De waarschuwingen tegen bid’ah (innovaties) zijn overgeleverd door de metgezellen van Boodschapper van Allah (sallAllahu ‘alaihie wa-sallam) en van de vrome salaf na hen, omdat dit niets anders is dan het toevoegen van zaken aan het geloof en het stichten van een geloof die Allah niet heeft bevolen, en het is een immitatie van de vijanden van Allah, de joden en de christenen, in hun toevoegingen aan hun religies en het hierin introduceren van dingen die Allah niet heeft bevolen. Het (invoeren van innovaties) duidt er ook op dat er iets tekortkomt aan de Islaam en dat de Dien niet compleet is en het is duidelijk dat dit leidt naar groot onrust en kwaad en dat het ingaat tegen de vers waarin Allah zegt:
‘Vandaag heb Ik jullie godsdienst voor jullie vervolmaakt en Ik heb Mijn gunst voor jullie volledig gemaakt en Ik heb de Islaam voor jullie als godsdienst gekozen.’ (5:3)

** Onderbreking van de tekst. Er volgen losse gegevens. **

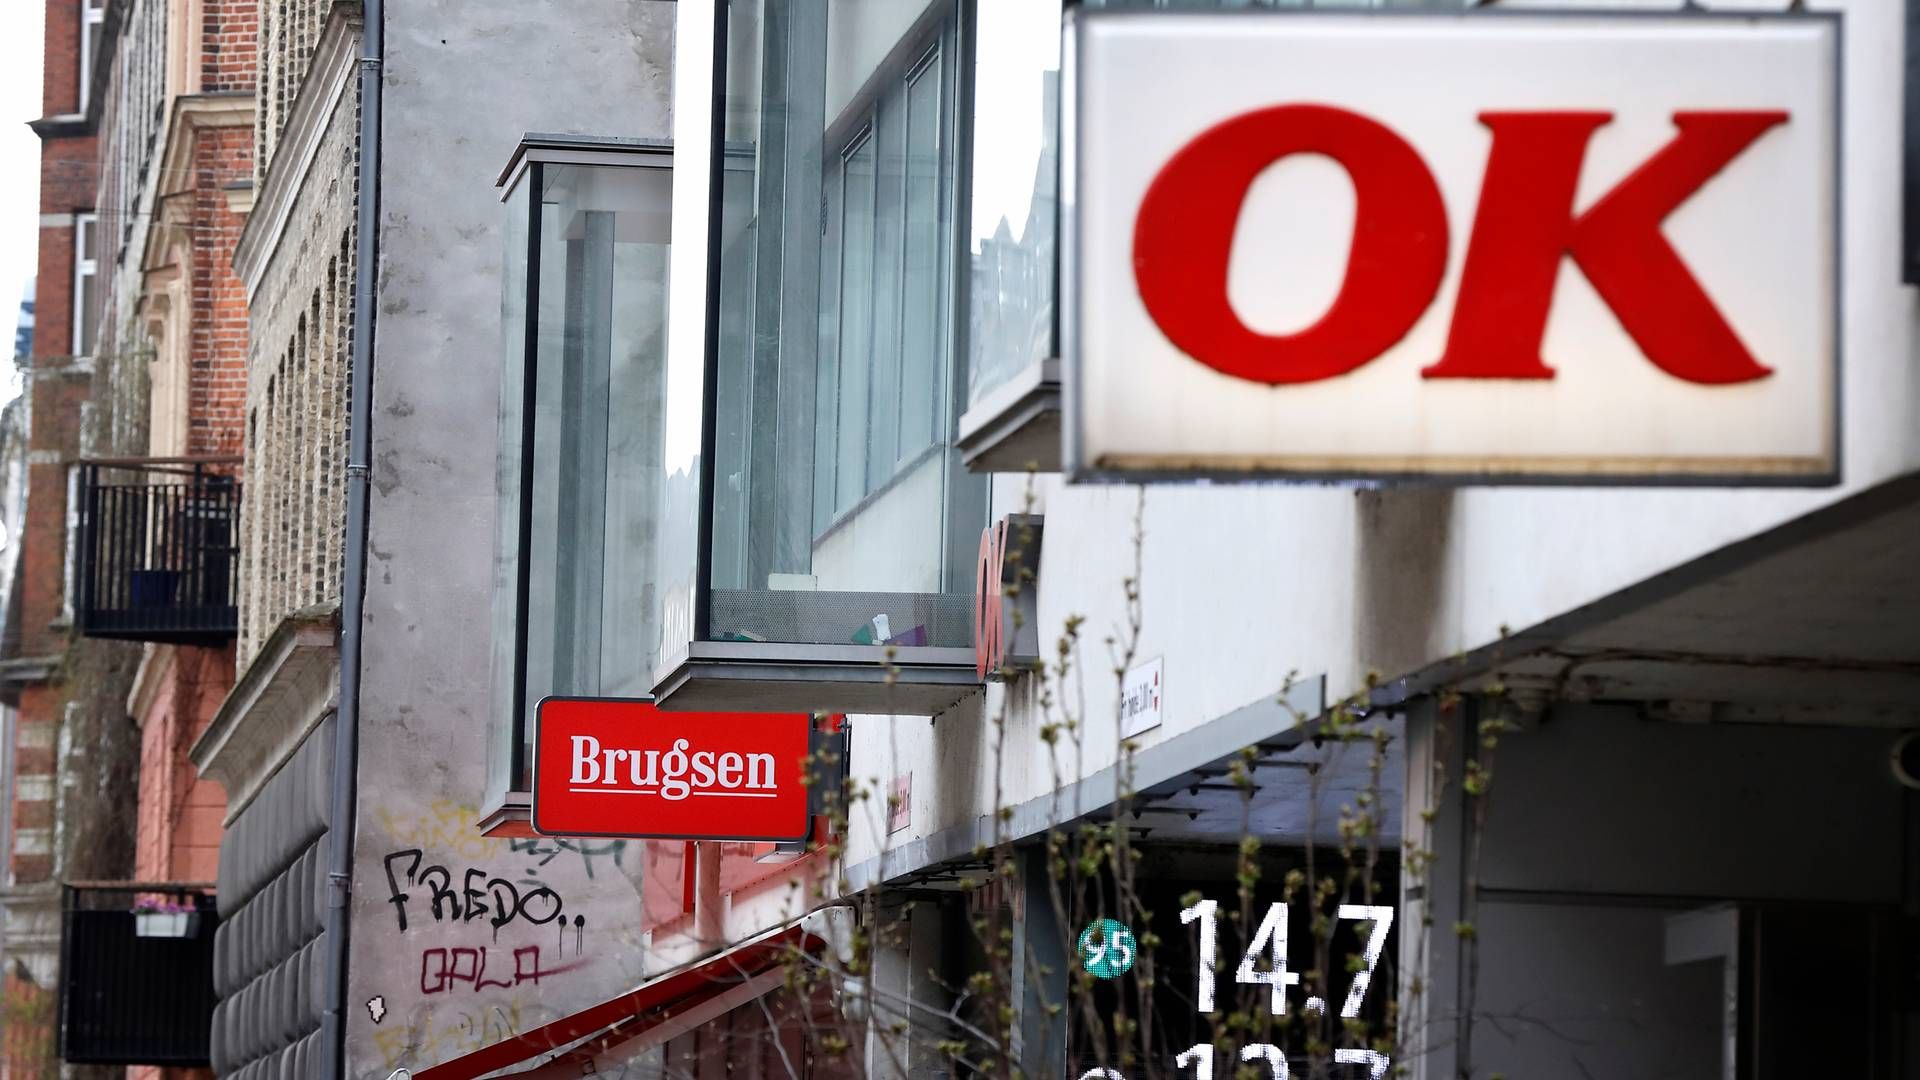 OK's opkøb af Coop har fået konsekvenser for flere højtstående medarbejdere, efter organisationen er blevet slanket. | Foto: Jens Dresling

Het gaat ook in tegen de ahadieth van de Boodschapper van Allah (sallAllahu ‘alaihie wa-sallam) waarin hij gewaarschuwd heeft tegen bid’ah.
Ik hoop dat het bewijs die we geciteerd hebben voldoende zal zijn om de zoekende naar de Waarheid te overtuigen dat dit een bid’ah is en verkeerd is, ofwel het vieren van Isra’ en Mi’raaj en dat dit geen deel is van de Dien van Islaam.
Omdat Allah ons bevolen heeft oprecht te zijn tegenover de Muslims en hen uit te leggen wat Allah hen in het geloof heeft bevolen en omdat het haraam is om kennis te verbergen, dacht ik dat ik deze innovatie behoor aan te wijzen voor mijn Muslimbroeders, die zo wijdverspreid is in vele regio’s dat mensen denken dat het een deel van de Dien is, Allah is Degene Die we vragen om de zaken van alle Muslims recht te zetten en hen te zegenen met de kennis van Islaam, en ons te helpen en hen om standvastig vast te houden aan de waarheid en al hetgeen er tegen ingaat te verlaten, want Hij is daartoe in staat. Moge Allah’s vrede en zegeningen zijn met Zijn dienaar en Boodschapper, onze Profeet Muhammad en zijn familie en metgezellen.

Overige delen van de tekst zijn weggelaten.